Небольшой деревянный дом Сергея Николаевича в Болшево и сейчас производит впечатление «неотмирного». В его комнатах будто застыла давняя тишина и отголоски давних разговоров. Не случайно, конечно, Ирина Комиссарова смогла использовать для постройки дома деревянные материалы от разрушенного в начале 1930-х годов Страстного монастыря (двери, оконные рамы, доски).
Дурылин был не один в своем стремлении отъединиться от подавляющей советской действительности. Человек его поколения и его круга – писатель М. М. Пришвин уехал из Москвы в подмосковную деревню Дунино. 7 января 1940 года он записал в дневнике: «Прошлый год еще “Комсомольская правда” имела лицо, а теперь все кончено: все газеты одинаковы. И этот процесс уравнения, обезличивания шествует неумолимо вперед, и параллельно ему каждое живое существо залезает в свою норку и только там, в норке, в щелке, в логове, о всем на свете позволяет себе думать по-своему» (131, с. 9). Тем не менее оба старых интеллигента не бедствовали, были официально признаны властью, публиковали книги, оба имели орден Трудового Красного знамени и – скончались в один год, в 1954 году.
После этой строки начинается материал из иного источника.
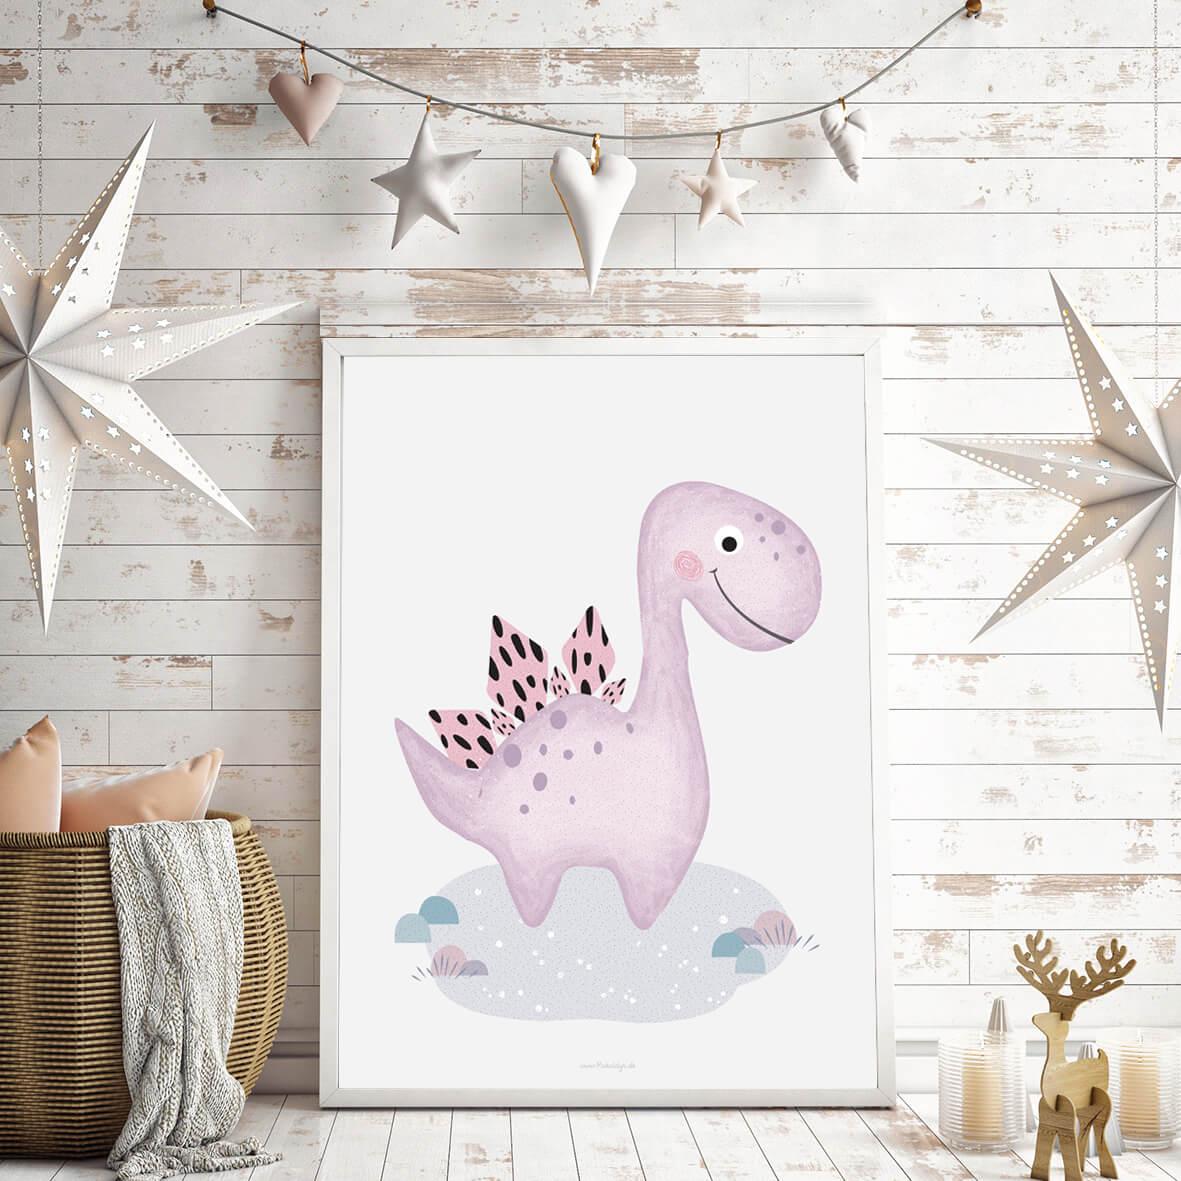 dinosaur-plakat-2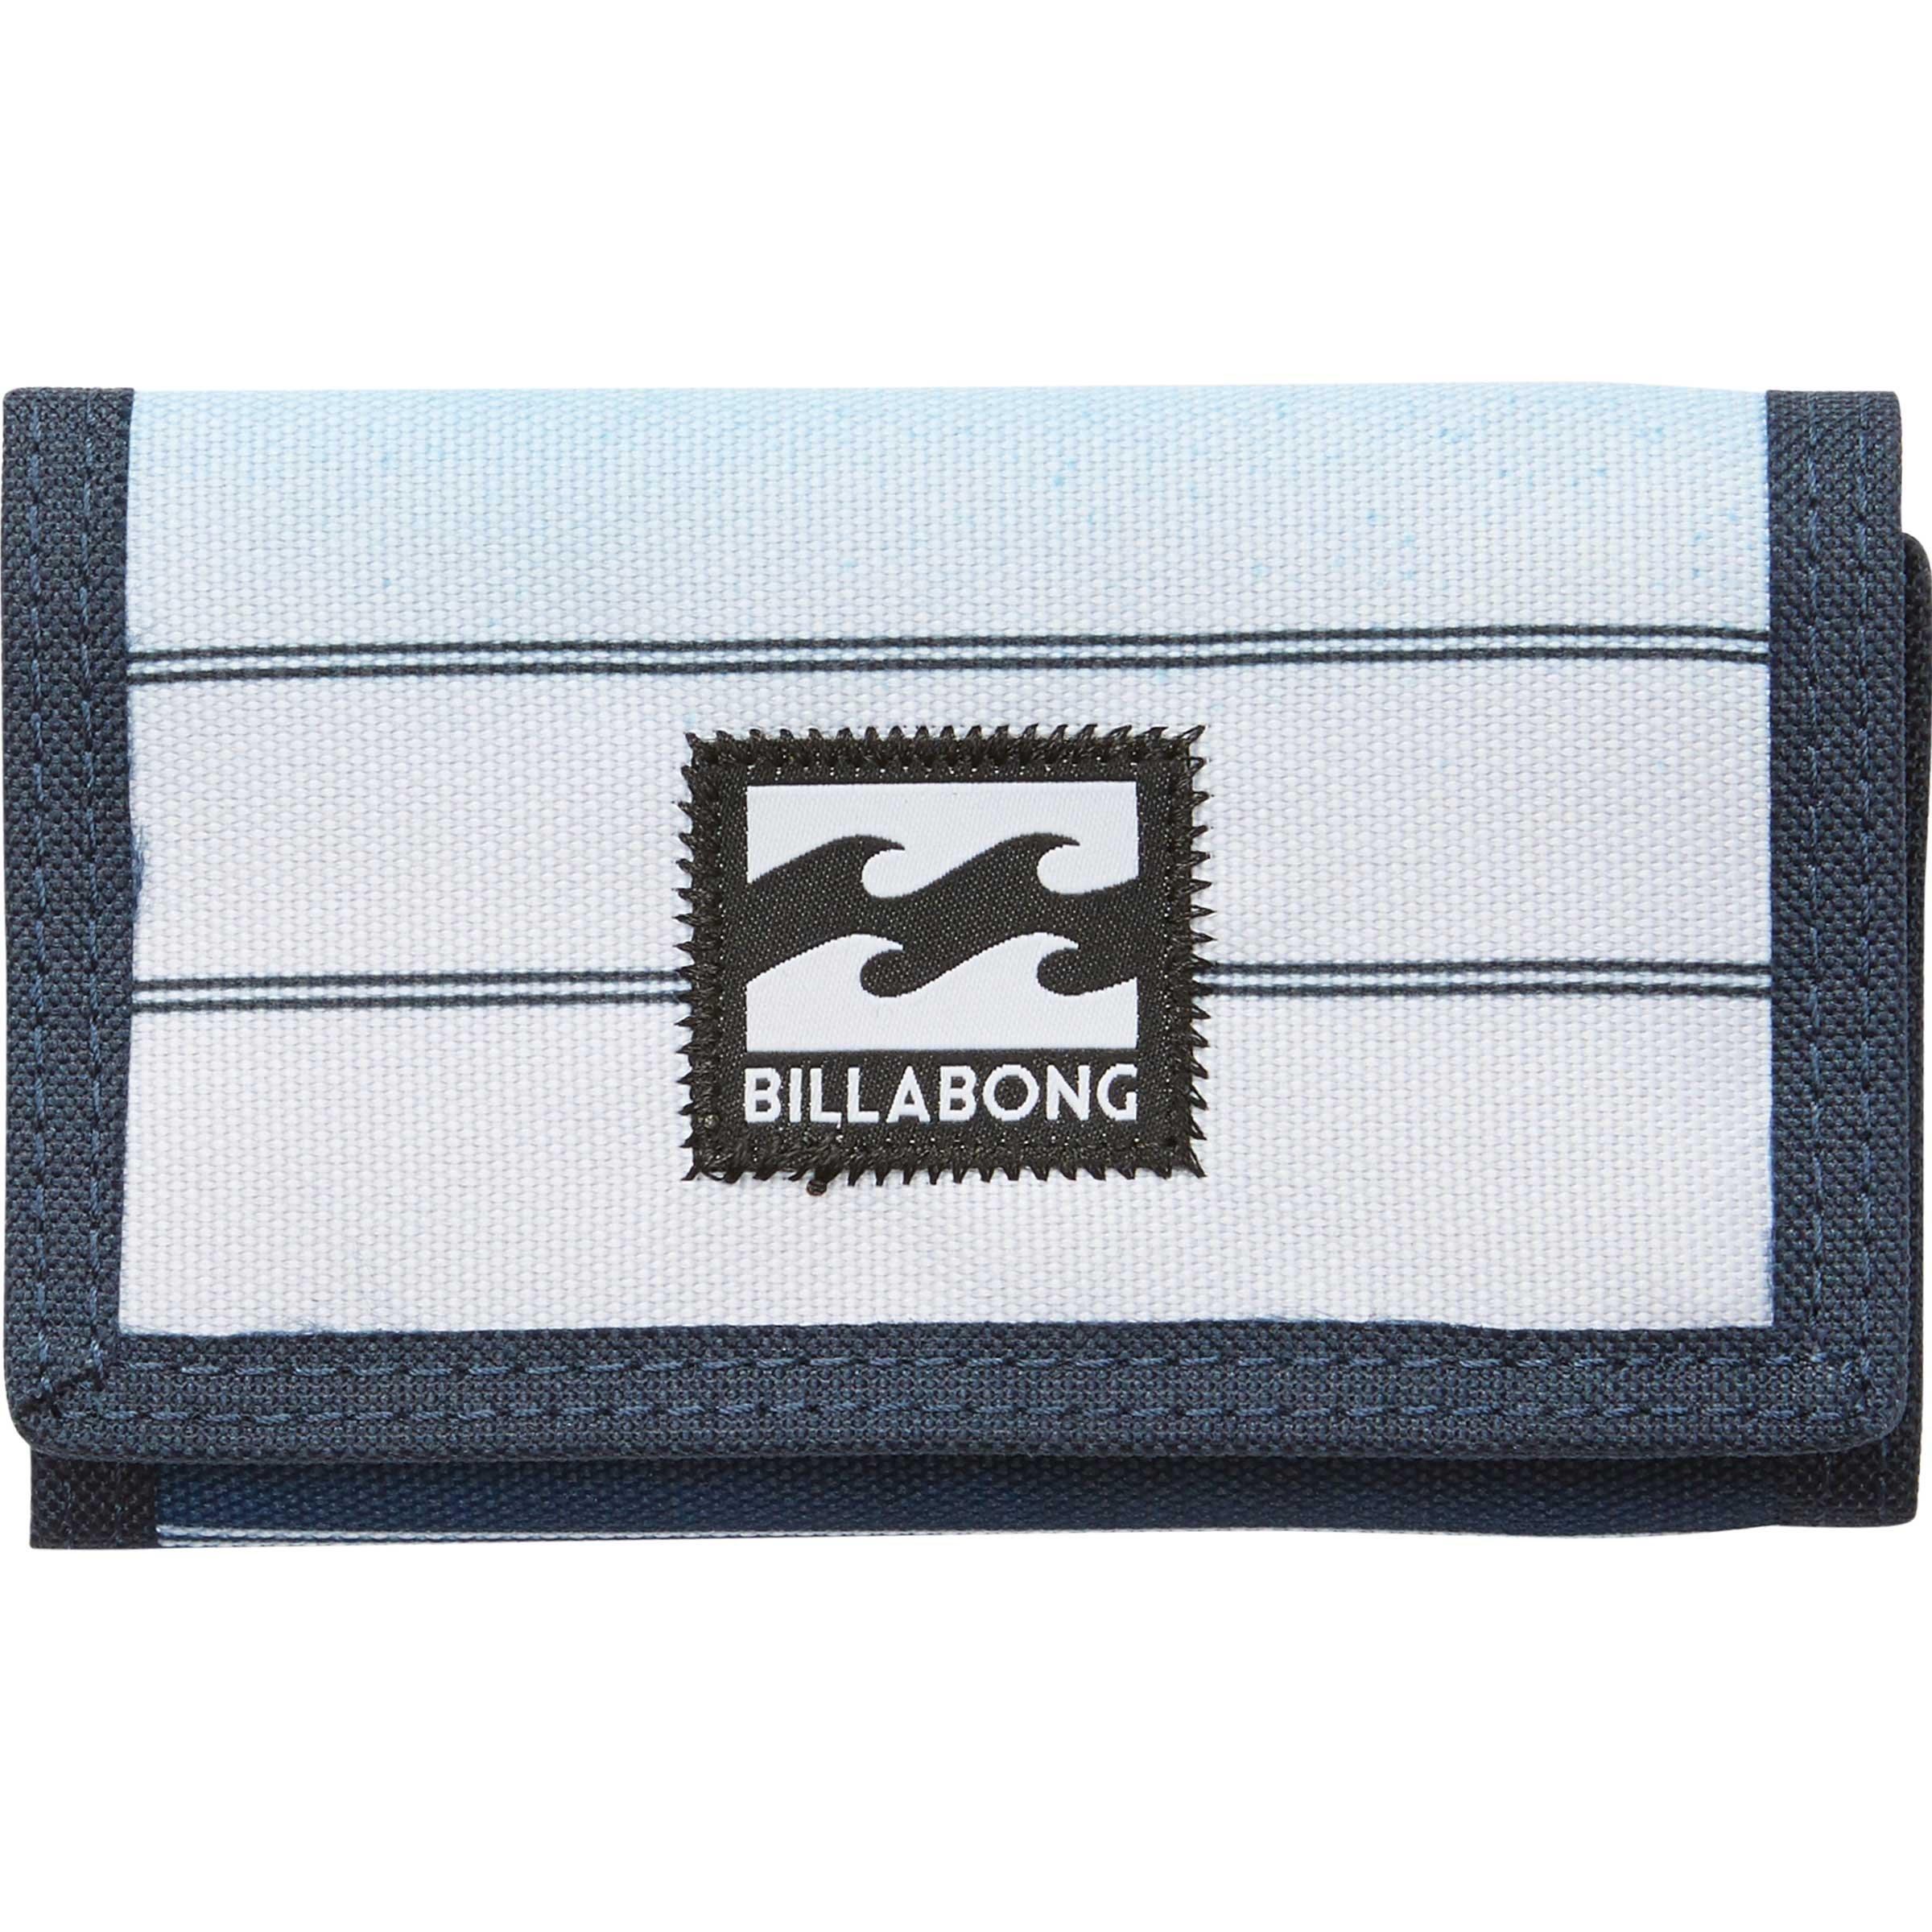 Billabong Men's Atom Wallet, Blue, One

В 1944 году дочь его друга молодости протоиерея Сергея Сидорова (расстрелянного к тому времени в застенке, но до ареста не изменившего отношения с Дурылиным) приехала к нему на дачу в подмосковное Болшево, «…помню ощущение довольства и сытости, столь необычное для меня в обстановке тогдашнего недоедания и неустройства. Помню обед на залитой солнцем террасе, белые салфетки, милую тихую его жену. И самого Сергея Николаевича, маленького, суховатого, немногословного и очень уверенного в себе», «незаурядного, талантливого человека» (156, с. 171).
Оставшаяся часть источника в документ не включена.